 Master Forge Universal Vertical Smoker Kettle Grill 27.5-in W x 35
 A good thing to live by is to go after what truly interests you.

---

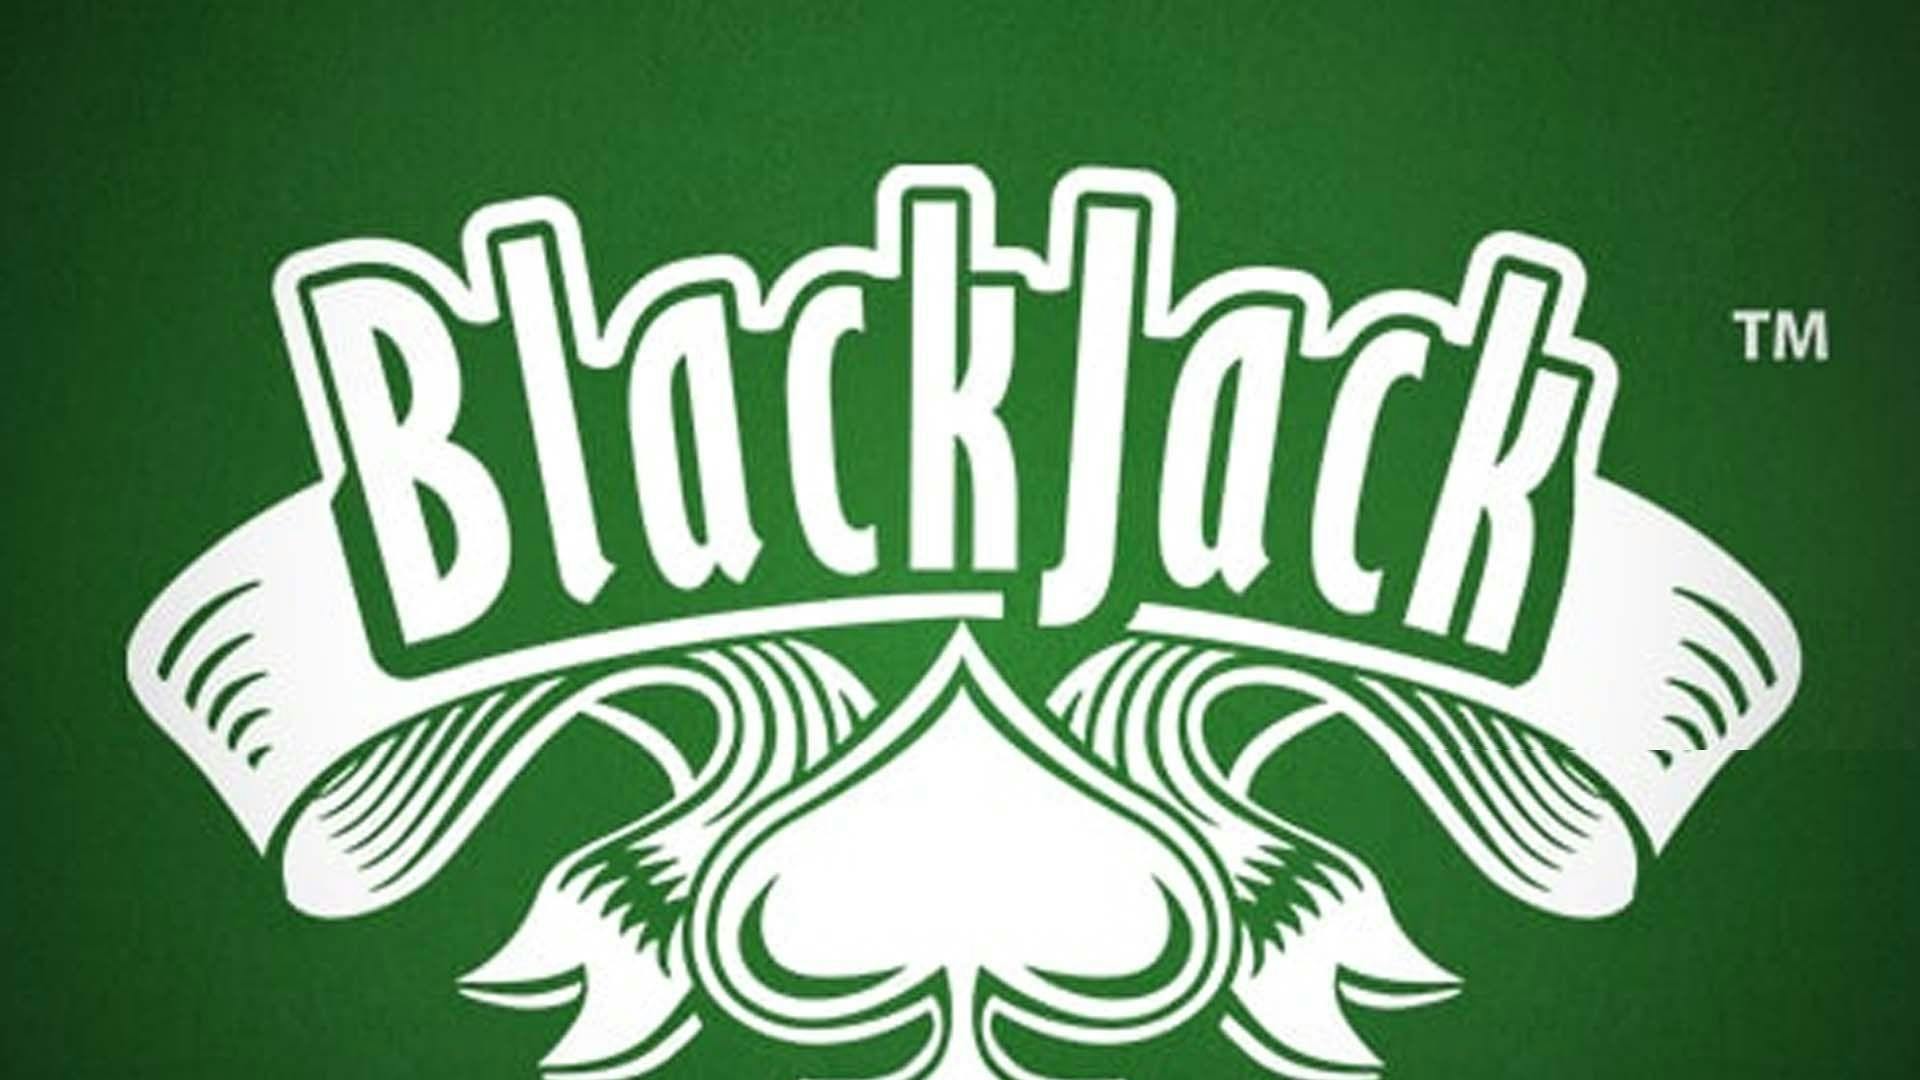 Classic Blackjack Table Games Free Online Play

* * *

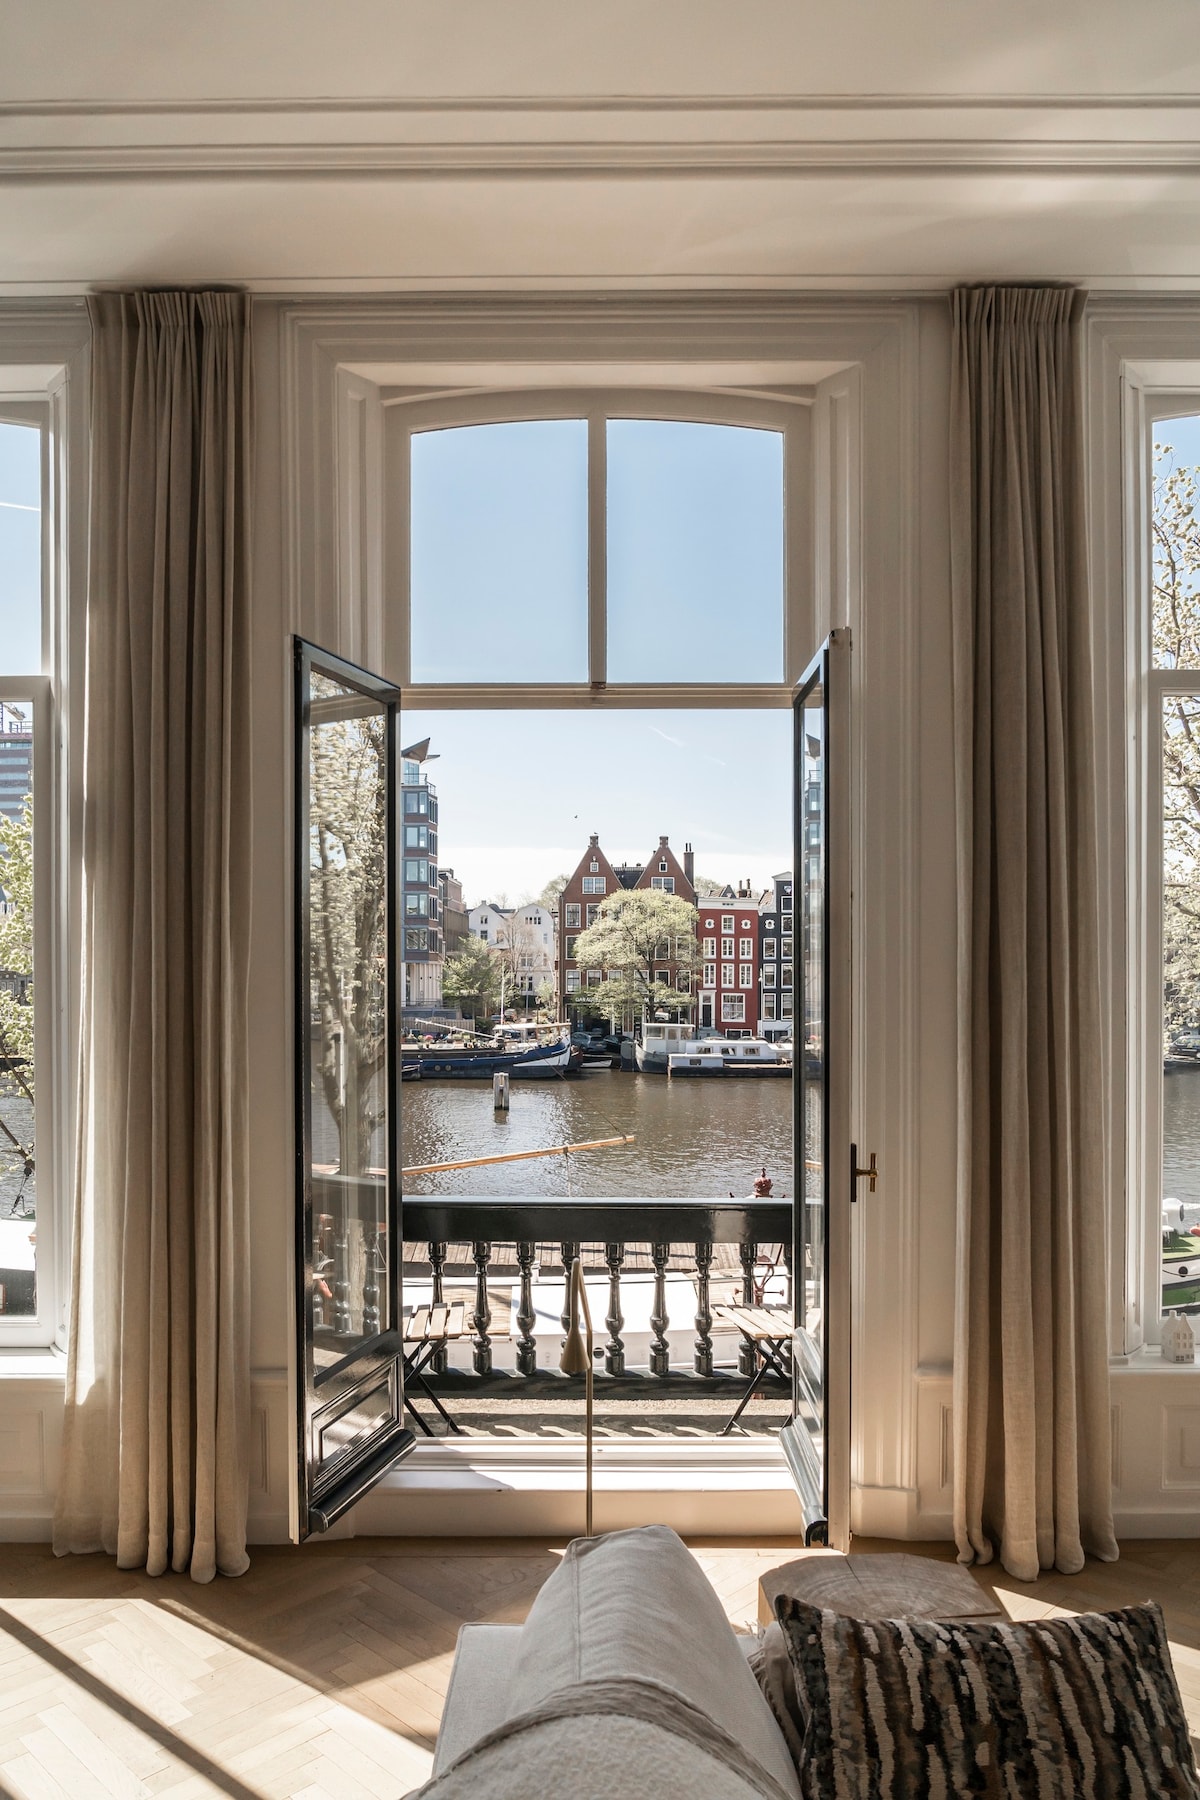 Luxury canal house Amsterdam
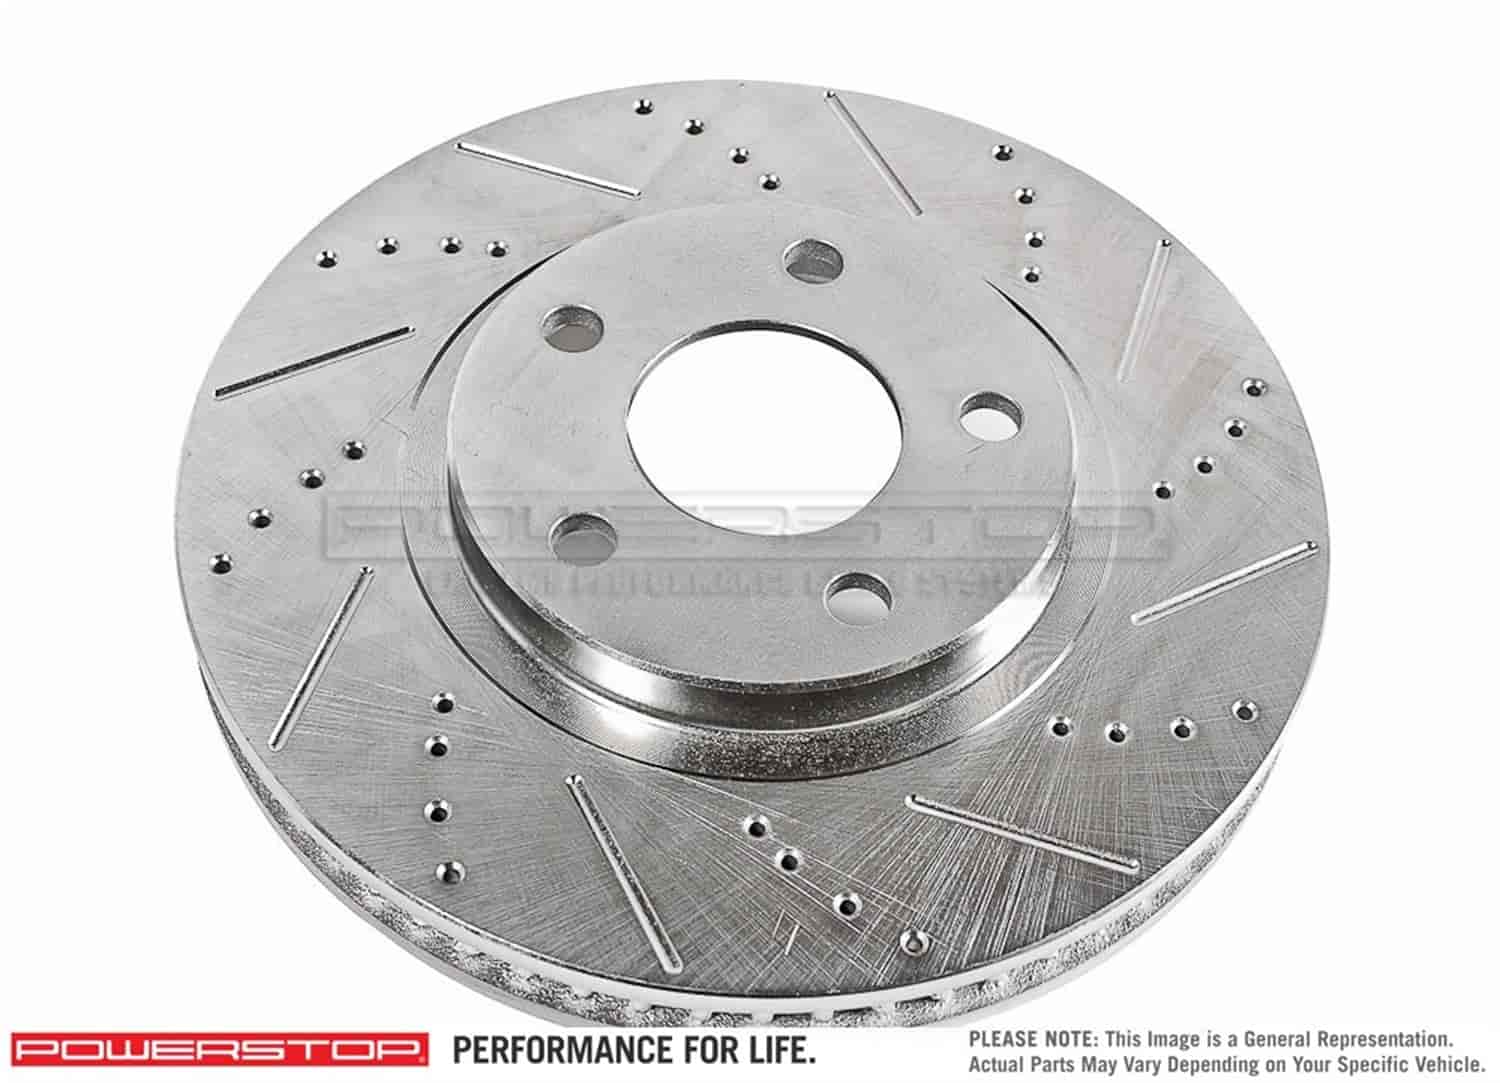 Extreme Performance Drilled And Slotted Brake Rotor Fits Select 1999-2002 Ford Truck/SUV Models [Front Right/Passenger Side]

• _Exercise details_: Given the data above, transcribe exactly the lines from the one containing "Master Forge Universal" down to the one containing "A good thing", and no others.

• _Answer box_:
 Master Forge Universal Vertical Smoker Kettle Grill 27.5-in W x 35
 A good thing to live by is to go after what truly interests you.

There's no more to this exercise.